Macrophages and osteoclasts
Monocytes and macrophages are generated from hematopoietic stem cells through intermediate progenitors. They have a role in the non-specific (innate) and specific (adaptive) immune system and can phagocyte and digest cellular debris and pathogens. The most common lysosomal storage disorder, Gaucher disease represents an enzyme deficiency that leads to dysfunctional macrophages through storage of glucosylceramide. Mouse models have been generated to investigate the disease mechanisms and to develop curative gene therapies for this disorder (Enquist IB et al, Proc natl Acad Sci USA, 2006; Enquist IB et al Stem Cells, 2009).
Osteoclasts are “specialized macrophages” that are developed from hematopoietic progenitors. They have an important role in bone resorption. Osteopetrosis is a lethal pediatric illness due to mutations that cause dysfunctional osteoclasts. Mouse models for osteopetrosis have been used to develop curative gene therapies for this disorder and a clinical protocol will be developed to cure this disease (Flores C et al, J Bone Miner Res, 2010).
Malignant blood disorders
Leukemic stem and progenitor cells are studied to unravel the molecular mechanisms of leukemia to allow future design of novel therapies for malignant blood disorders. The studies employ mutant mouse models as well as blood and bone marrow samples from patients to define molecular and cellular defects in leukemia (Quere R et al, Blood, 2011; Reckzeh K et al, Leukemia, 2012).

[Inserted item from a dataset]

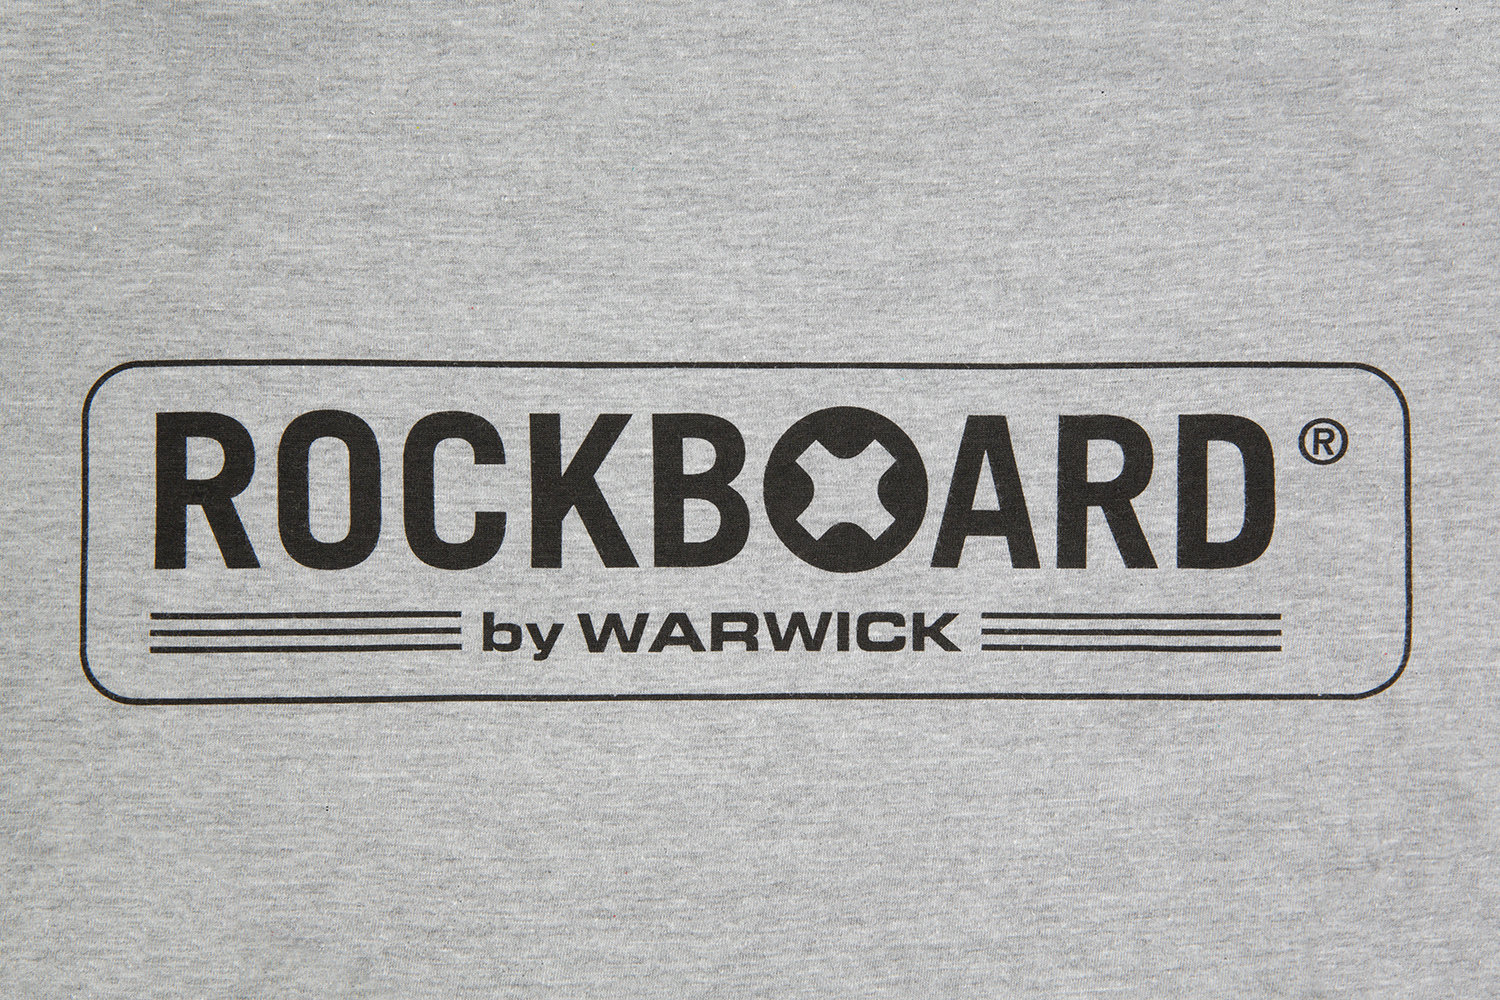 Rockboard

A key mission of the laboratory and the hematology clinic is to develop novel cell and gene therapies for malignant disorders and genetic defects in hematopoietic cells. To increase the availability of possible stem cell donors for patients with malignant blood disorders we are developing stem cell expansion protocols using mouse models and human umbilical cord blood. Novel therapies for genetic blood disorders are being developed using hematopoietic stem cells from patients and animal models for these disorders. Induced pluripotent stem cells derived from patients are also being used to study disease mechanisms and gene replacement therapies. The efforts in cell and gene therapy focus on the development of permanent cure for genetic disorders of the blood system since the genetically modified cells can be transplanted back to the patient and will be expected to produce genetically corrected cells of all blood lineages.